Ahora, mírese al espejo y dígase: “¡Yo nací para ganar!”
SED SOBRIOS Y SIN ALCOHOL EN LA MENTE.
“Sabiendo esto, que nuestro viejo hombre fue crucificado juntamente con Él, para que el cuerpo del pecado sea destruido, a fin de que no sirvamos más al pecado” - (Romanos 6:6).
La palabra “sobrio” ha venido a ser, en nuestros días, una palabra que significa el ser libre del alcohol. Pero en la Biblia, “sobrio” significa el pensar seriamente en las cosas de Dios. El tiempo final se acerca, y Satanás lo sabe. Usted necesita saberlo también. ¿Piensa que mientras más nos acercamos al regreso de Cristo, Satanás pretenderá hacerse el muerto? ¡Rotundamente no! Apocalipsis 12:12 dice que Satanás vendrá “con gran ira, sabiendo que tiene poco tiempo”. Usted va a ver toda la artillería del infierno desatada sobre los creyentes, al Cristo preparase para su regreso. Es tiempo de despertar. El tiempo pasa rápidamente. Mire hacia el cielo. Jesús regresa. Y sea sobrio, porque Satanás está trabajando.
Lea 1 Tesalonicenses 5:6-8 y 1 Pedro 1:13-16, y 5:8-11.
SED SOBRIOS Y CUIDADO CON EL LEÓN. EL DIABLO.
“Sed sobrios, y velad; porque vuestro adversario el diablo, como león rugiente, anda alrededor buscando a quien devorar” - (1 Pedro 5:8).
Su adversario el diablo está acechando como un león rugiente.
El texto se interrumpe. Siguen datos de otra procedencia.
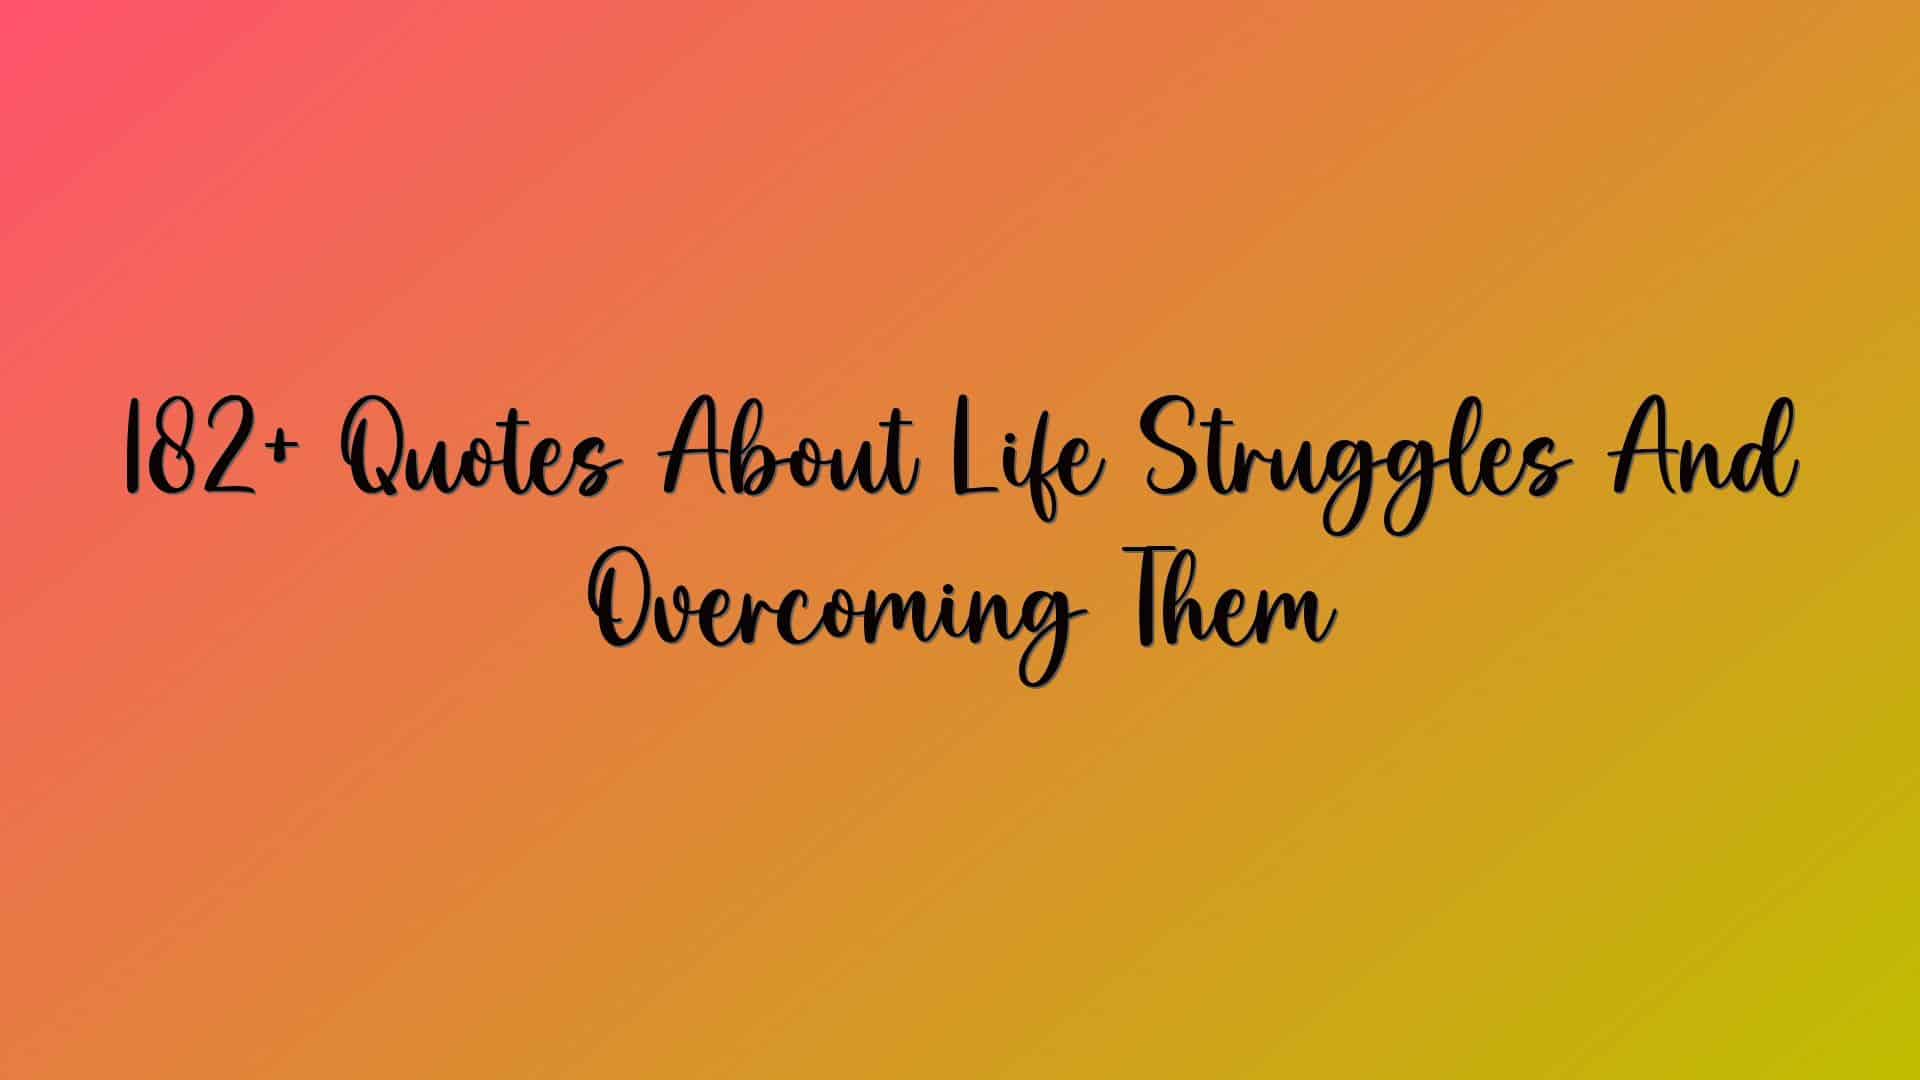 182+ Quotes About Life Struggles And Overcoming Them
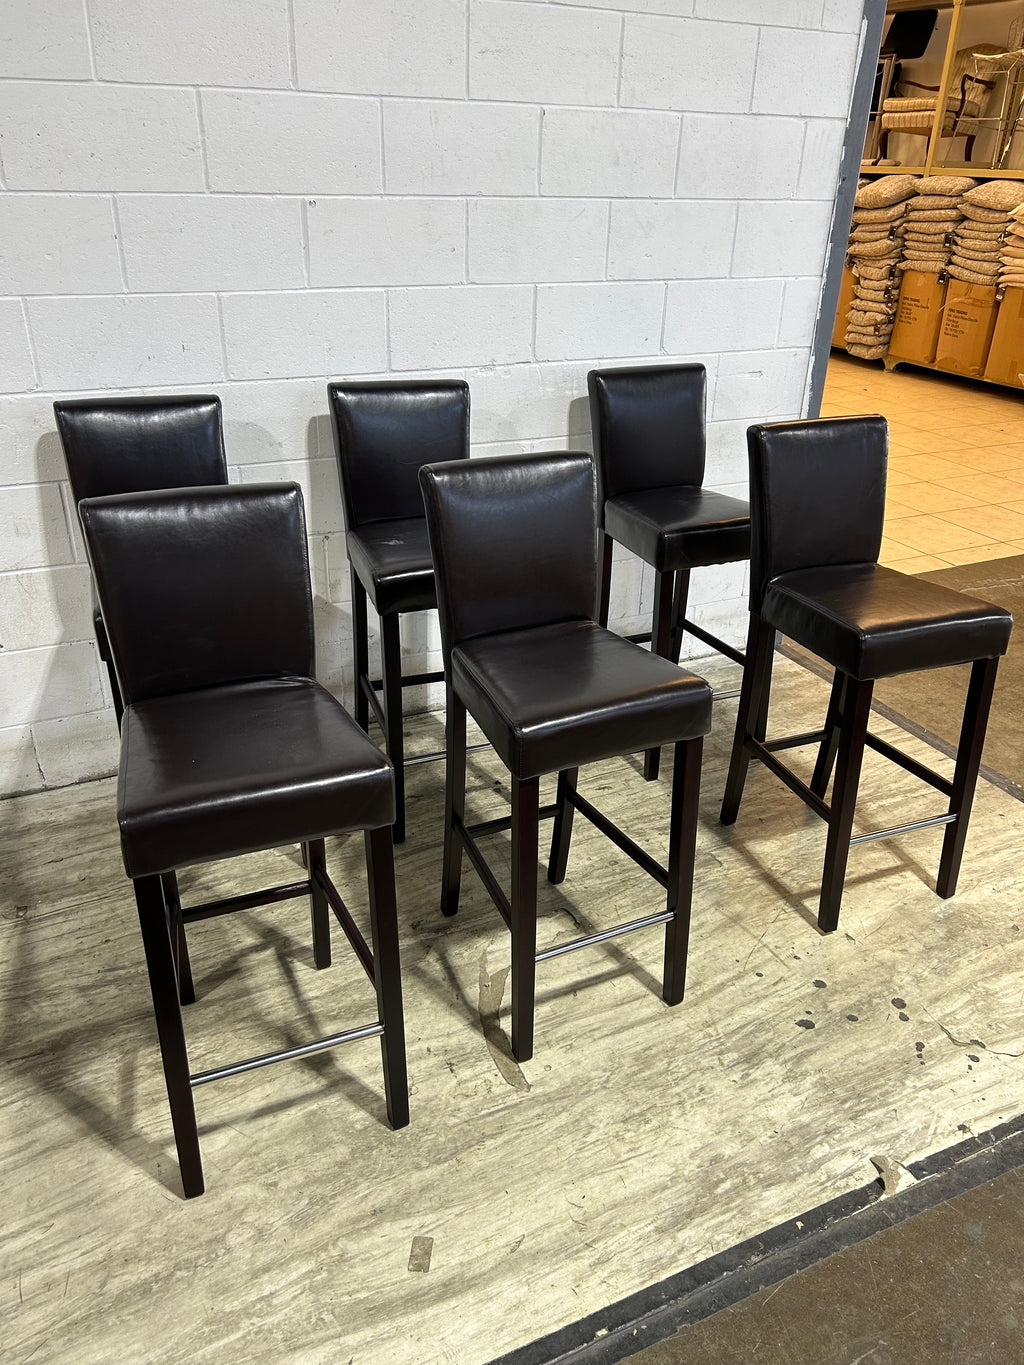 16"W chairs Set of 6 tall chairs

No desestime su poder. Satanás es un enemigo que necesita respetar, como un electricista tiene respeto por los cables de alta tensión, que pueden ser mortales. Y sabe dónde están los aisladores y sabe cómo manejar la electricidad. Si un electricista pierde el respeto hacia ese poder, se encontrará en muy serios problemas. Pudiera ser que todo está yendo muy bien para usted ahora. Tiene dinero en el banco, un buen trabajo, excelente salud. Se podría decir que está bailando en el bosque y recogiendo flores. Pero detrás de uno de esos matorrales, hay un león tan mortífero que puede saltar sobre usted y comérselo entero. Amigo, usted tiene que estar vigilante.
OJO, EL QUE ESTÉ FIRME, MIRE, QUE NO CAIGA.
Primera Corintios 10:12: “Así que, el que piensa estar firme, mire que no caiga.” ¿Hay alguna área sin protección en su vida, donde usted se siente súper confiado? Sométase a Dios. Muera a sí mismo. Esté siempre alerta.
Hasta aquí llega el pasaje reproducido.